Beginning on October 7, 2009 at 5:30 p.m., Schnitzer Cinema presents, "Confessions of a Superhero." The film, directed by Matthew Ogens, follows Chris Dennis the ostensible son of actress Sandy Dennis, a Christopher Reeve lookalike (if you squint) and Hollywood Boulevard's reigning Superman impersonator, along with his costumed colleagues Batman and Wonder Woman pretenders. We learn that Wonder Woman was a mid-western homecoming queen, Batman struggles with his anger, while Superman's psyche is consumed by the Man of Steel.
Herskowitz will conduct a live Skype dialogue with director Matthew Ogens following the screening. Ogens' film has been critically acclaimed since its 2007 premiere at South by Southwest and is richly suggestive in its exploration of contemporary American identity, popular culture, and fandom. Additional live dialogues with directors are being planned for future events in the Schnitzer Cinema series.

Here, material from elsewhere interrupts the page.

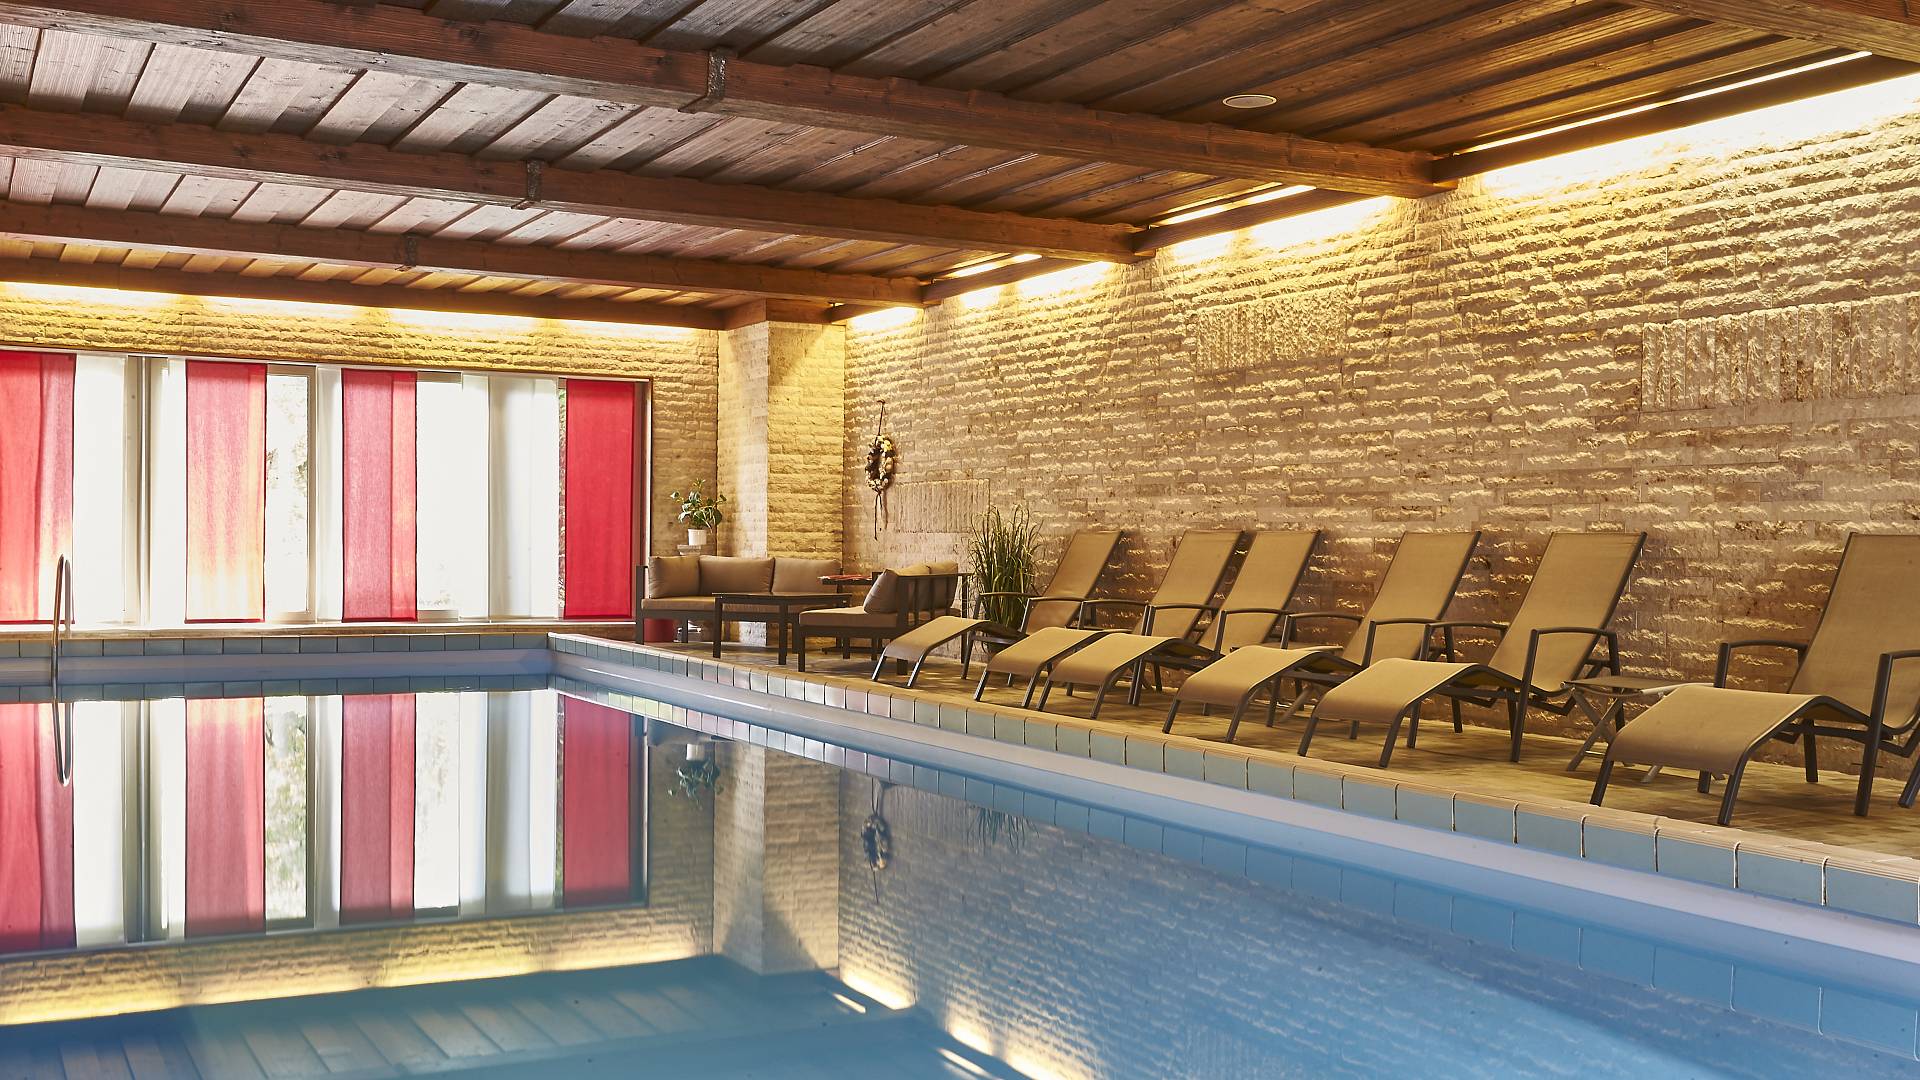 Indoor swimming pool with sunbeds at the poolside

"Danger Diabolik," will be the feature film on November 4, 2009. "Danger: Diabolik," is a neglected 1960s classic by Italian director Mario Bava and may be the best superhero (actually, supervillain) film ever made. Its translation of comic book aesthetics to cinema, as comics artist Stephen R. Bissette has argued, has never been bettered. John Phillip Law plays the masked thief who steals and torments the Italian government, represented by the policeman Ginko (Michel Piccoli). The film is scored by Ennio Morricone.

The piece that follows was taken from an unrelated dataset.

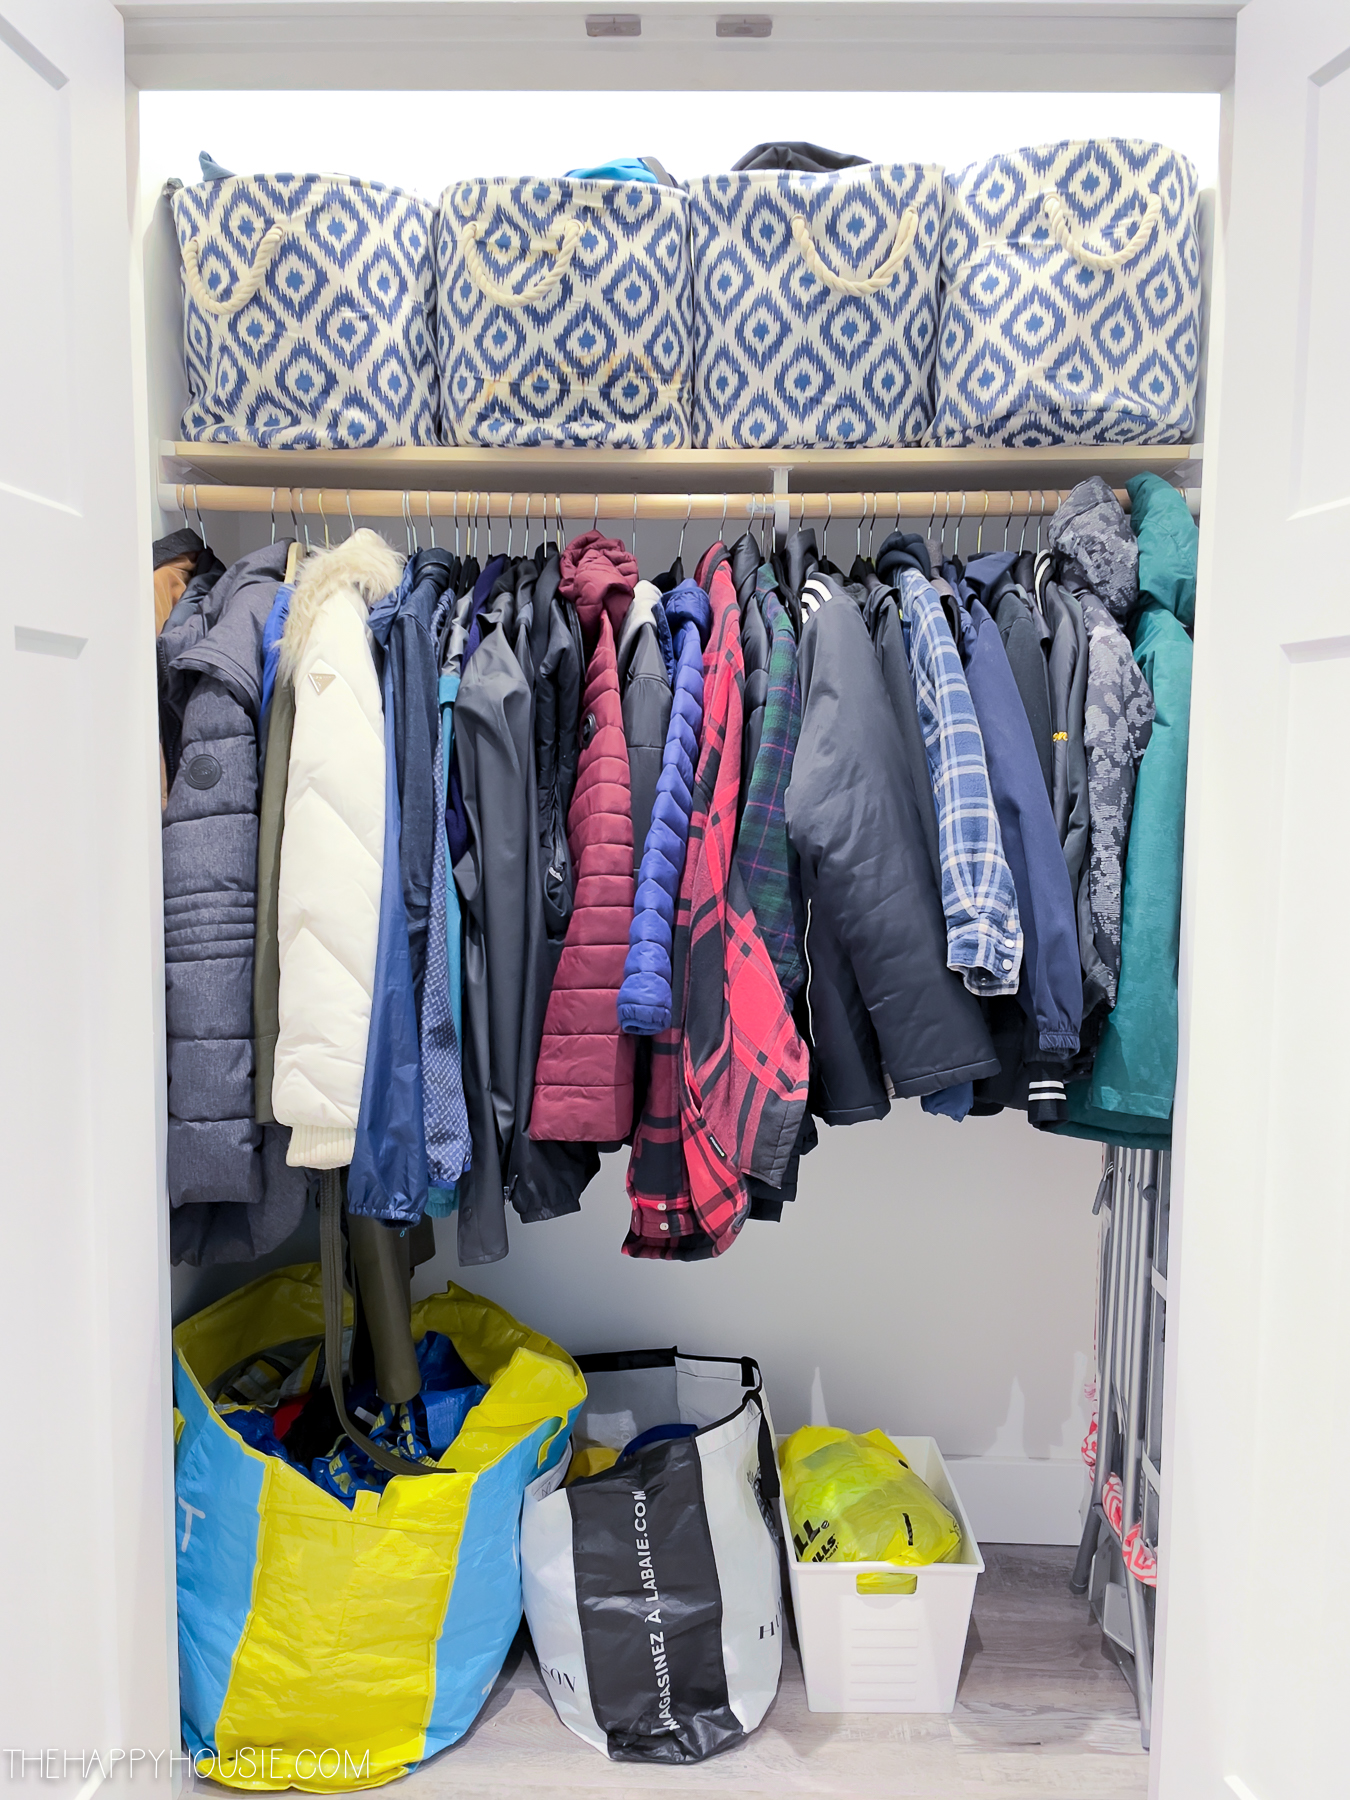 A closet by the door filled with coats, shopping bags and woven baskets on the top shelf.

On December 2, 2009, Schnitzer Cinema closes it fall series with "Mister Freedom." William Klein, the renowned fashion and street photographer, is also a film director of note and an American expatriate living in Paris. In 1969, he directed "Mister Freedom," a brightly colored satire of American imperialism and international cluelessness. The self-important superhero Mr. Freedom, joining forces with femme fatale Marie-Madeleine (played by Delphine Seyrig), heads to France to rob, beat and kill representatives of the French Anti-Freedom (FAF) organization and anyone else who disagrees with him. The film, with its implicit critique of then-French President Charles de Gaulle and sympathy with radical students, got into some trouble with the French censors.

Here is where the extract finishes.